/scraper-bot

A customizable web scraper

Primary LanguagePythonGNU General Public License v3.0GPL-3.0

Scraper Bot

GitHub GitHub Version PyPI - Version GitHub Workflow Status GitHub Workflow Status CodeFactor Grade

This is a bot thought to do periodical scraping of ads from commercial websites.

Found a new ad the bot will send it to you exploiting Apprise channels

Deploy

Pypi

The relative package is available on Pypi

pip install scraper-bot

The package heavily relays on playwright package, so before start to use the bot you have to install a playwright browser

playwright install --with-deps firefox

You can found further information in the playwright documentation (n.b. the bot are not limited to use firefox only)

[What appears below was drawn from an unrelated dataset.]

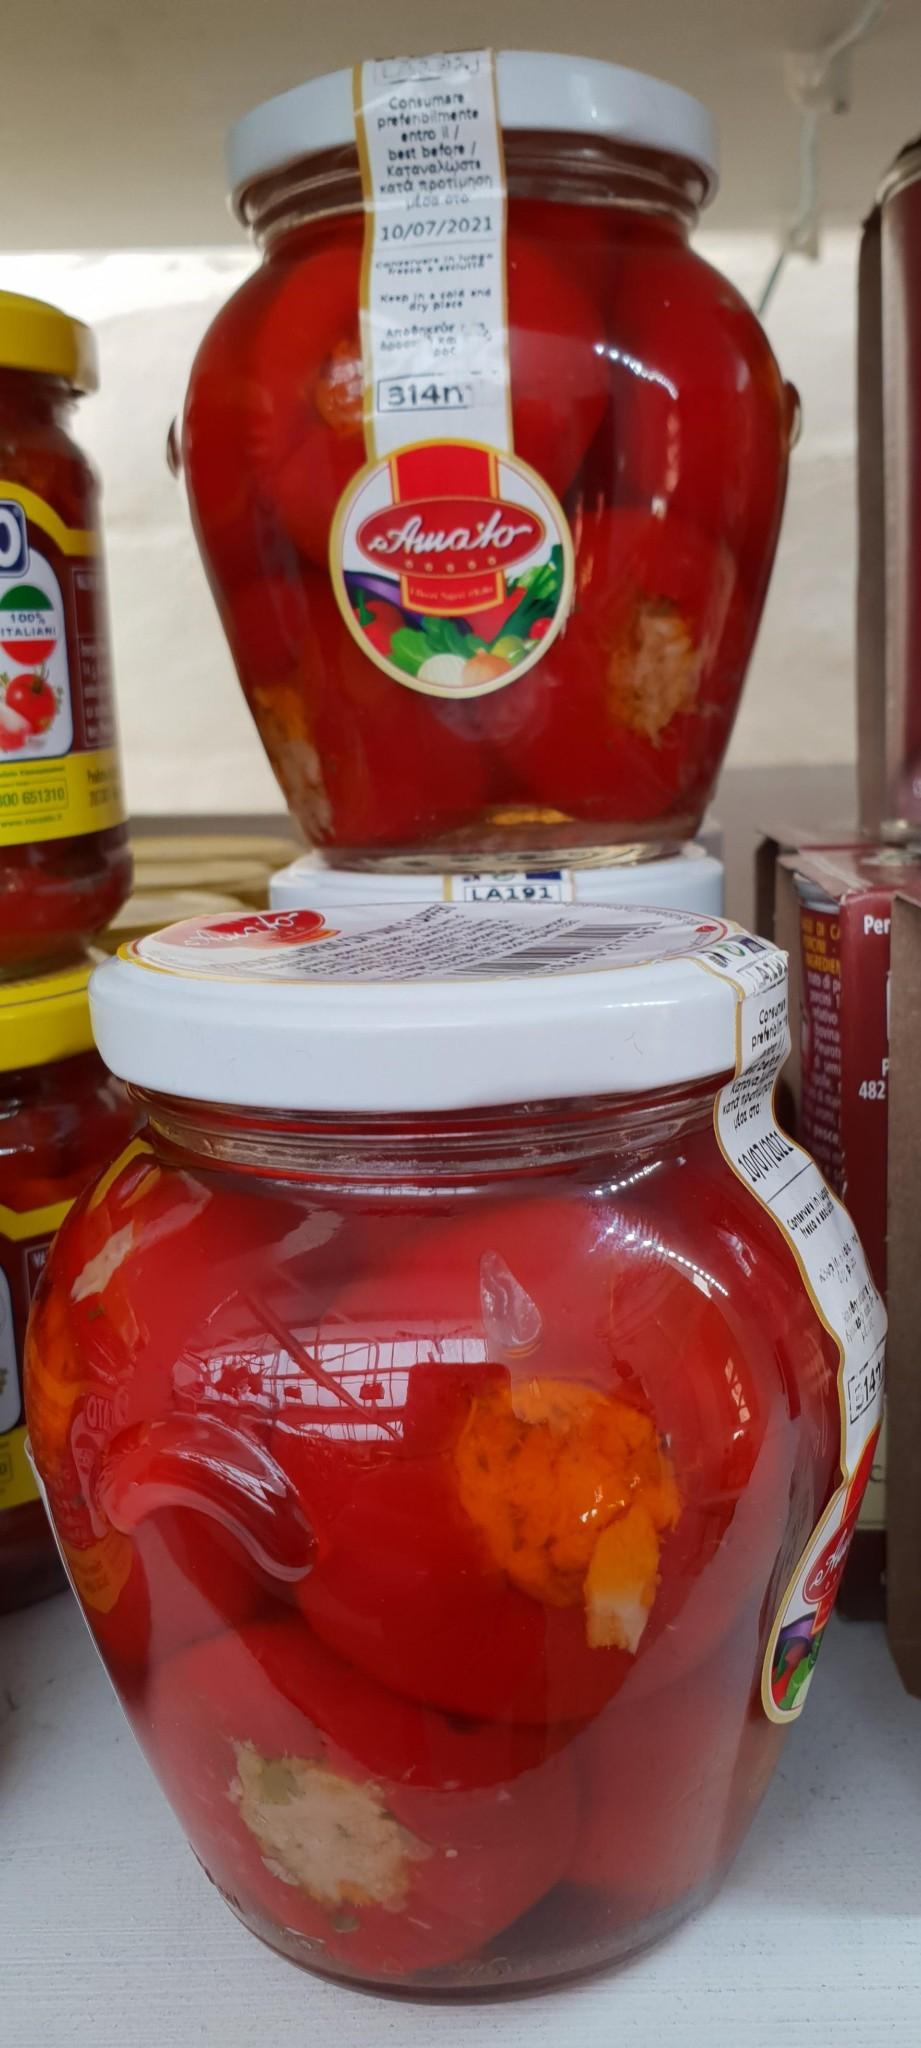 Traditional Tuna stuffed Calabrian Chillies 314g jar

The scraper-bot package provide the following command to run the bot

scraper-bot

Container

The CI builds the container for each version and it puts it on the public GitHub registry

ghcr.io/robertobochet/scraper-bot

docker compose

  1. Create a telegram bot and retrieve its token
  2. Download config.example.yaml and rename it to config.yaml
  3. Change the configuration follow the guidelines
  4. Download docker-compose.yaml
  5. Start the scraper with docker-compose
    docker-compose up
  6. Wait that the bot does its work!

Kubernetes (Helm chart)

For the deploy of the Scraper Bot is also available a helm chart

You can found the source code in the repo scraper-bot-chart

Helm chart package is available in the github OCI registry

oci://ghcr.io/robertobochet/scraper-bot-chart

You can use it to directly deploy on your kubernetes cluster

  1. Retrieve the default values file
    helm show values oci://ghcr.io/robertobochet/scraper-bot-chart > values.yaml
  2. Customize the values.yaml
  3. Install the scaper bot
    helm install oci://ghcr.io/robertobochet/scraper-bot-chart scraper-bot -f values.yaml

Configuration

By default the bot looks for a configuration file in the following path ./config.y(a)ml and /etc/scaraper-bot/config.y(a)ml. You cna override this behavior passing via command line the --config argument followed by the config file path

scraper-bot --config /path/to/scraper-bot-config.yaml

The configuration file has to satisfy the pydantic model which you can find in scraper_bot.settings. Furthermore you can get the config json schema from command line with --config-schema argument

scraper-bot --config-schema

You can also find a configuration example in config.example.yaml.